• _What you are asked to do_
Write out the whole listing. Leave out nothing.

• _Supplied information_
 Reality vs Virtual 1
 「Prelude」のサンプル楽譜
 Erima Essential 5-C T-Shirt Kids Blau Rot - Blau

• _The answer_
 Reality vs Virtual 1
 「Prelude」のサンプル楽譜
 Erima Essential 5-C T-Shirt Kids Blau Rot - Blau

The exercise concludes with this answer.